- Church: Catholic Church
- Diocese: Mysore
- Installed: 16 November 1963
- Term ended: 9 May 1985
- Predecessor: René Feuga

Orders
- Ordination: 16 November 1963
- Consecration: 3 February 1964

Personal details
- Born: 4 November 1917 São Matias, Goa, India
- Died: 9 May 1985 (aged 67)
- Buried: St. Philomena's Cathedral, Mysore
- Denomination: Roman Catholic
- Residence: Mysore
- Alma mater: Rachol Seminary

= Mathias Fernandes =

Roman Catholic bishop (1917–1985)

Bishop Mathias Sebastião Francisco Fernandes (4 November 1917 — 9 May 1985) was a Roman Catholic bishop, the first native to be bishop of Diocese of Mysore in Mysore, India (16 November 1963 — 9 May 1985). His tenure was marked by the introduction of a number of religious orders offering educational opportunities within the diocese. He was of Goan origin.

== Priest, Bishop ==
Fernandes was born on 4 November 1917 in São Matias, Goa. He attended Rachol Seminary and was ordained priest on 26 October 1944. He served as parish priest of the St. Philomena's Cathedral in Mysore and later as Bishop of Mysore (16 November 1963 — 9 May 1985, consecrated 3 February 1964). Bishop Mathias attended Sessions 3 and 4 of the Vatican Council II.

== Contributions ==

=== Educational ===
Bishop Fernandes supported efforts of the church in establishing schools in the diocese.

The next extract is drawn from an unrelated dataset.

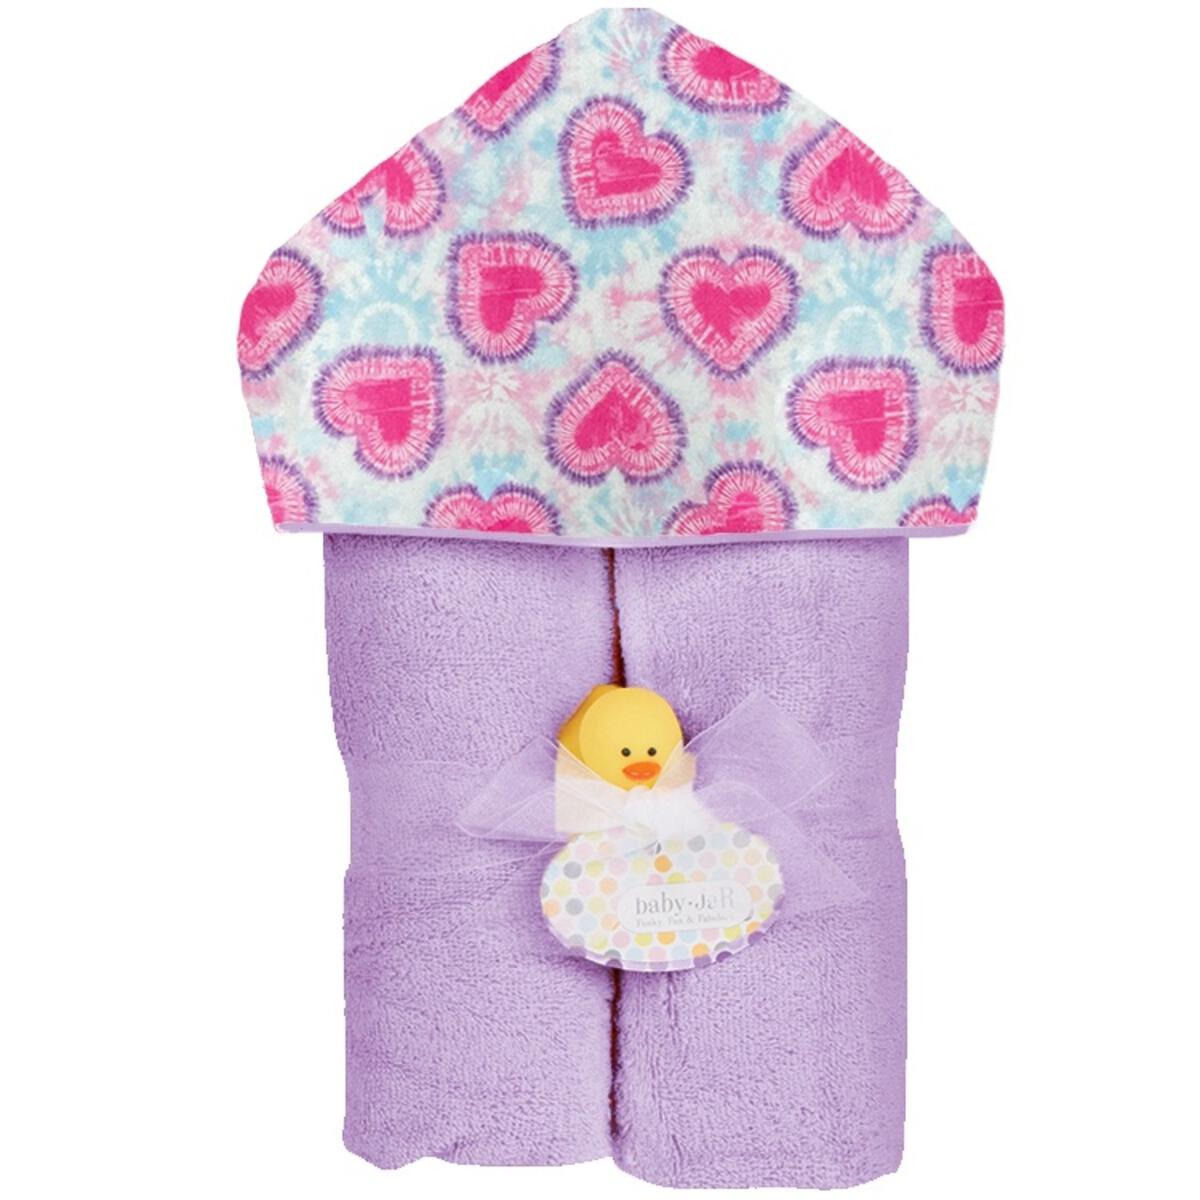 Tie Dye Heart Plush Deluxe Hooded Towel - Twinkle Twinkle Little One

With his backing, the Ursuline Sisters to set up a number of schools.
He also supported the work of the Apostolic Carmelites to open a school.
The Congregation of the Sisters of the Little Flower of Bethany open a school during his tenure.
He invited The Sisters of Notre Dame to work in the diocese. They established a high school.
Bishop Fernandes also backed the founding of St. Joseph's College of Education in Mysore.
As was his predecessor, Bishop René Feuga, he was also a patron of St. Philomena’s College in Mysore.
St. Matthias School in Mysore was set up in memory of Bishop Fernandes.
With Fernandes's support, the Little Sisters of the Poor opened a home for the aged in Mysore.

=== Ecclesiastical governance ===
Soon after his consecration, Bishop Fernandes erected a structure for a church in Malavalli, a town in the district of Mandya. The church and parish of the patron saint of the Bishop's ancestral village are dedicated to Saint Mathias.

He enabled the Ursuline Franciscan sisters to establish the Christu Raj Convent, in Hanur, which was established on 11 June 1979.

In 1979, the Bishop requested the Bethany congregation to set up a convent in Kutta, in the Coorg (now Kodagu) district, to meet local educational and pastoral needs. This was inaugurated as the St. Mary in November 1981; it also administers the school of St. Mary's in the same settlement.

Members of the Institute of the Sisters of Charity of Sts. Bartolomea Capitanio and Vincenza Gerosa (SCCG) set up Aashirvad in Krishna Raja Pete, and the school Capitanio Nilaya in the same location, after being invited by the Bishop, to work in education, health-care and socio-pastoral work.

In 1984, Bishop Fernandes invited the Congregation of the Sisters of St. Anne, Bangalore, to start a new foundation at Pushpagiri, Belvathagrama, some 7 km from Mysore city, initially to run the existing Kannada Primary School belonging to the parish and to help in the parish activities. This led to the establishment of the Convent of St. Anne in the village.

Bishop Mathias was able to persuade the Royal Family of Mysore to sell the Rani Thota property to the Discalced Carmelites of the Manjummel Province where they established Pushpagrama in 1962.

Following the Second Vatican Council, which urged that seminarians have graduated before entry into the novitiate, the Society of the Divine Word (Società del Verbo Divino - SVD) in 1972 decided to base their formation house in the city of Mysore, a proposal welcomed by Bishop Fernandes which enabled the establishment of Vidya Niketan in 1974. He was also involved in inaugurating a new system of formation in 1983.

=== Ecumenical, inter-religious dialogue ===
Bishop Fernandes is credited with having initiated and guided the project of producing the first inter-confessional Bible in the Kannada language, completed in 1998.

His web of friendships also spread to people of other religions, as is evidenced by the narrative of Dr. K. Javeed Nayeem, who was entrusted the Bishop's pectoral cross with the charge to hand it over to the Bishop should he survive, or to his successor in the event of his death.

==Death==
Fernandes died of sepsis on 9 May 1985. He is buried in the St. Philomena's Cathedral in Mysore.